Murmurations – what they are, why they happen and where to see them
Look to the sky during autumn and winter and if you’re lucky, you’ll see one of nature’s most amazing sights: the starling murmuration. We’ve even enjoyed watching one soaring around Nature Detectives HQ in the last few weeks!
But what is it? Why do they do it? And how do starlings manage to perform such amazing acrobatics without crashing into each other in mid-air?
What is a starling murmuration?
It’s a huge flock of thousands of starlings, which looks a bit like a giant swarm. They swirl through the skies together just before swooping down and settling into their roost for the night.
Why do starlings form murmurations?
Murmurations are believed to act as giant signposts, attracting all the other starlings in the area so that all the birds can roost together.
But why do they do this? Well, there are lots of reasons:
- Safety in numbers - When there are thousands of birds all wheeling and turning together, it makes it much harder for predators to single out one particular bird.
- It’s warmer - Winter nights can be really chilly. But the bigger the flock, the more warmth there is to share. Large roosts are much cosier than small ones.

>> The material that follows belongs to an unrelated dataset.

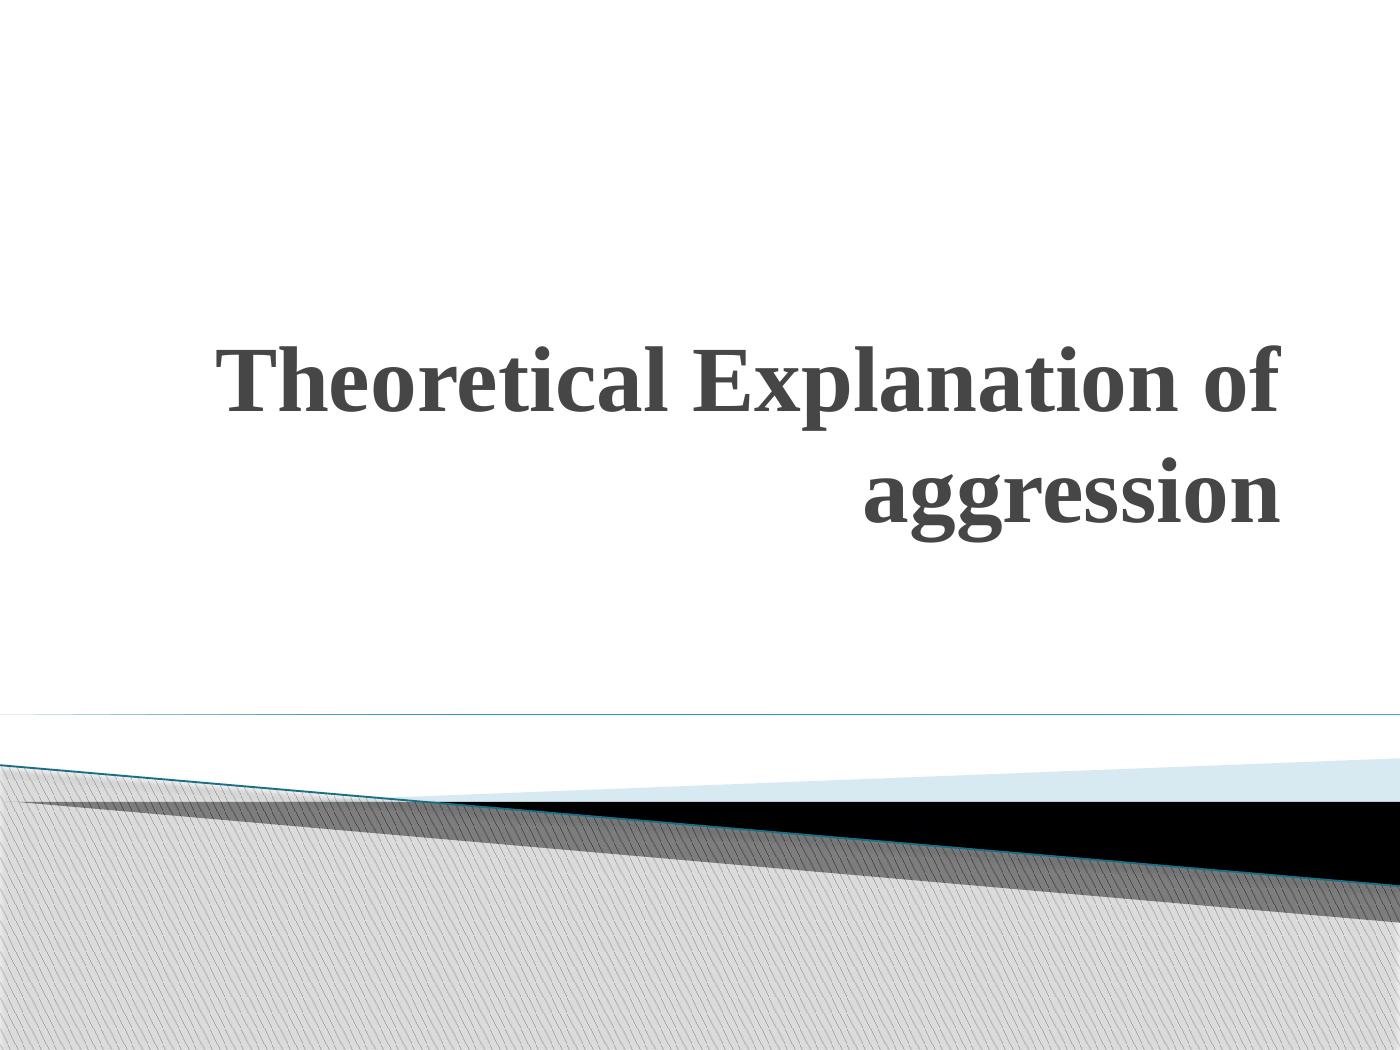 Theoretical Explanation of Aggression_1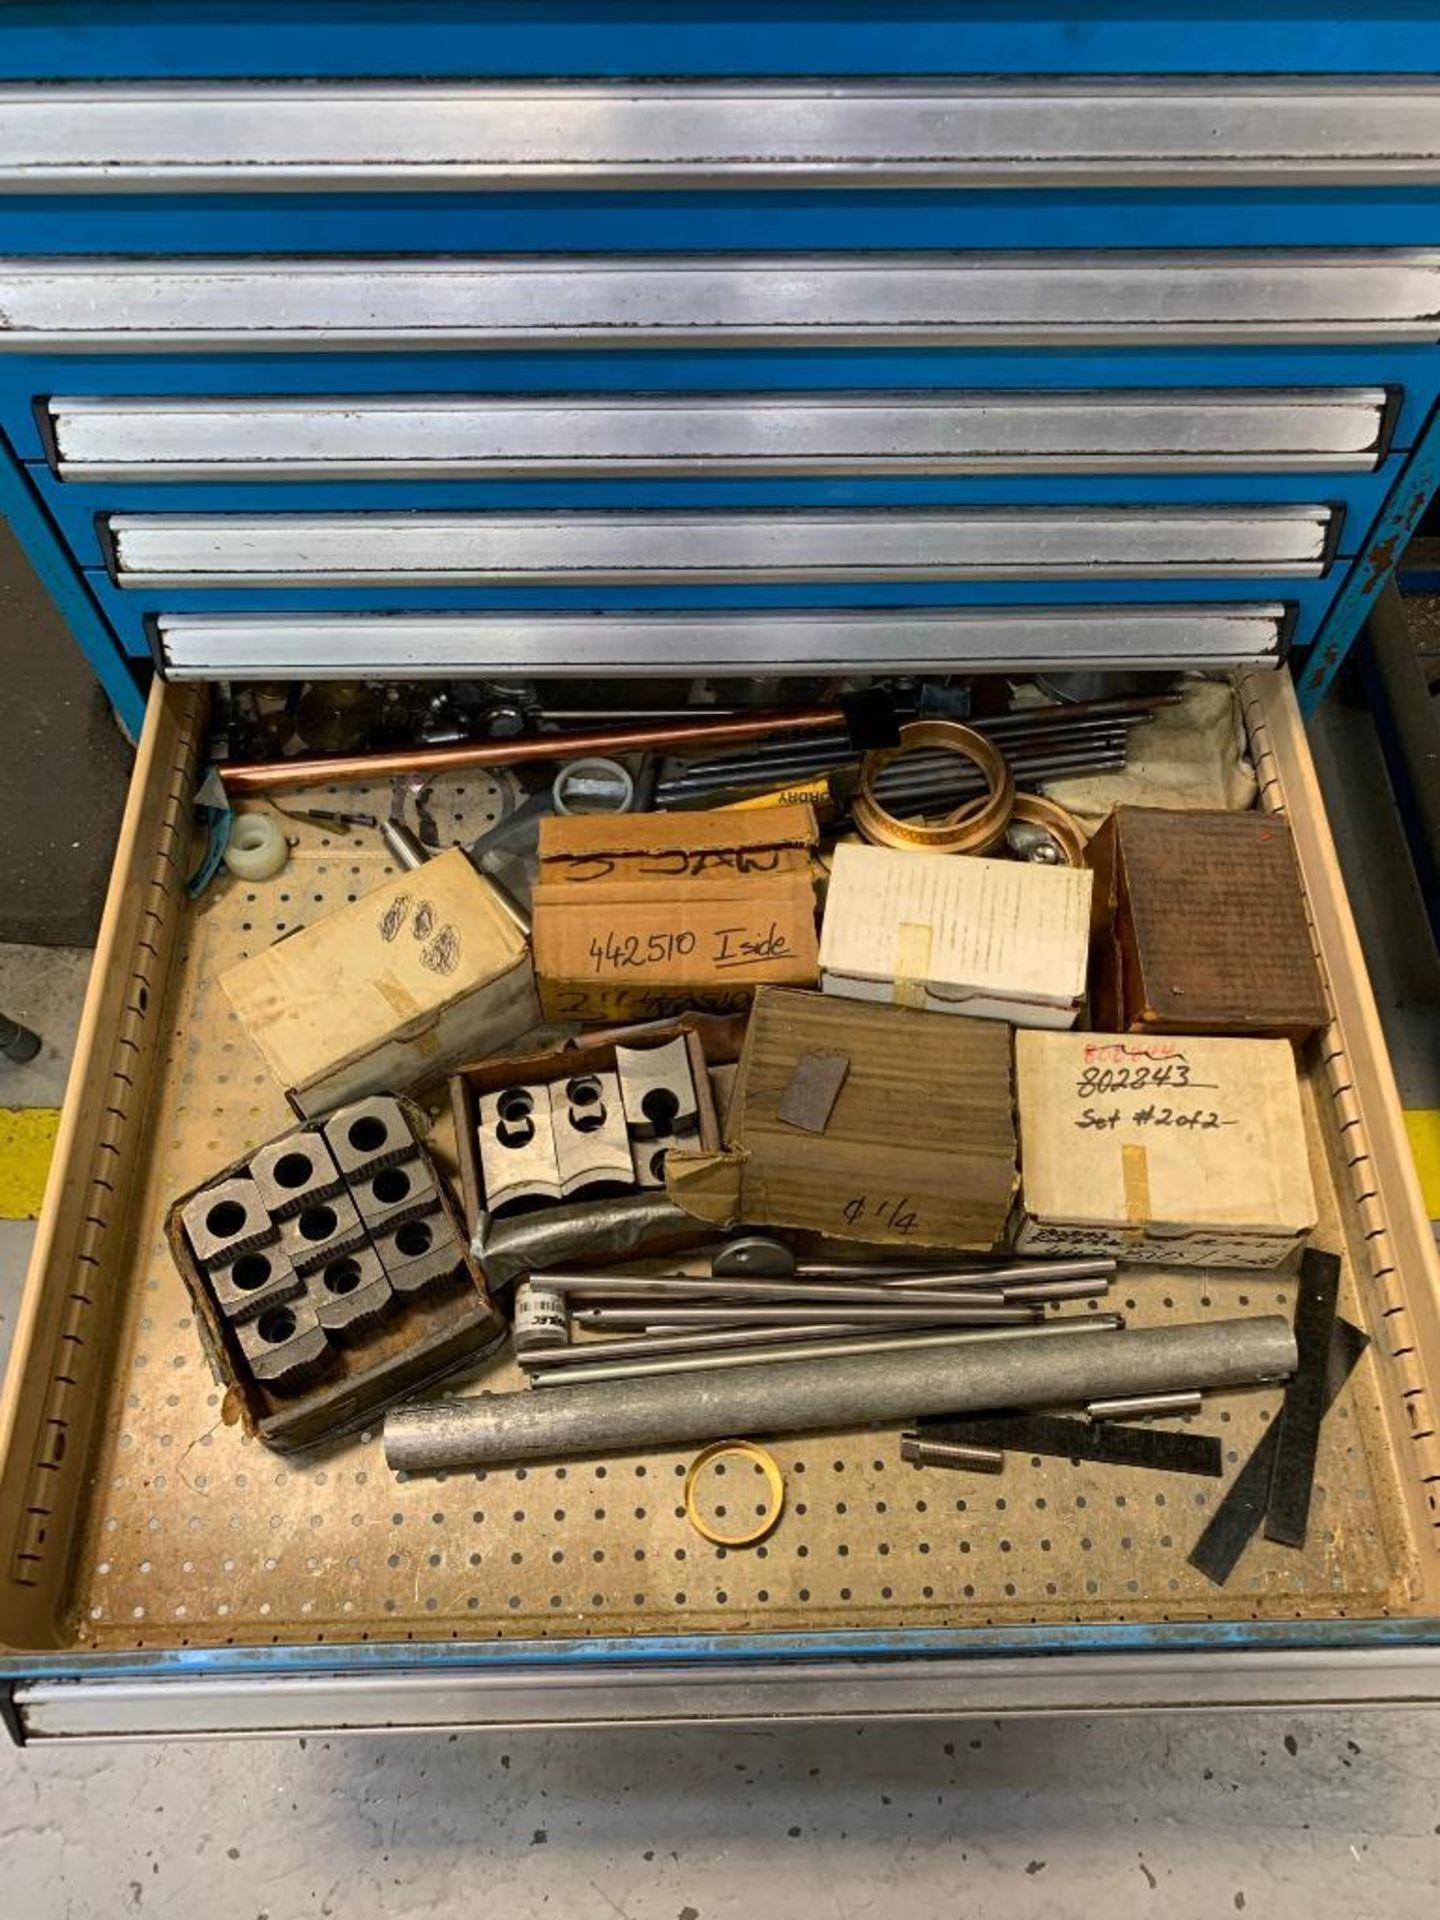 BOTT/KENNEDY TOOL CABINET, OTHER CABINET, CART W/ MAZAK TOOLING, INSERTS - Image 11 of 16

- A good gossip! - Starlings are very chatty, and they get together to share important information – such as where to find good feeding sites.
How many birds makes a murmuration?
While the most spectacular murmurations are made up of thousands – sometimes hundreds of thousands – of starlings, it’s possible to have smaller murmurations made up of about 200-300 birds.
But they can be seriously massive: a murmuration of more than six million starlings was recorded in 1999/2000 at Shapwick Heath National Nature Reserve in Somerset. Now that’s a lot of birds!
Why don't starlings bump into each other?
It’s a good question – just how do thousands of birds know which way to go and when to turn?
Well, each starling follows the movement of the six birds flying closest beside it. And because they have lightning-fast reactions – under 100 milliseconds – and superb spatial awareness, if one bird changes speed or direction, those around it do too. This ripples through the murmuration and means that they’re able to fly at speeds of around 20mph without crashing in mid-air.
Where to see starling murmurations
Starlings prefer to roost in sheltered places, away from predators. Think woods, reed beds, cliffs and buildings.
They don’t always roost in the same places every year, and not always in such big numbers. But there are lots of places around the country where you can see massive murmurations year after year:
- Attenborough Nature Reserve, Nottinghamshire
- Brighton Pier, West Sussex
- Aberystwyth Pier, West Wales
- Ham Wall, Somerset
- Shapwick Heath National Nature Reserve, Somerset
- Fen Drayton Lakes, Cambridgeshire
- Belfast City Centre, Northern Ireland
- Leighton Moss, Lancashire
- Saltholme, Teesside
- Gretna Green, Scotland
When's the best time to see a murmuration?
Head outside during autumn and winter and look to the skies just before dusk. Keep your eyes peeled for shifting shapes spinning through the air.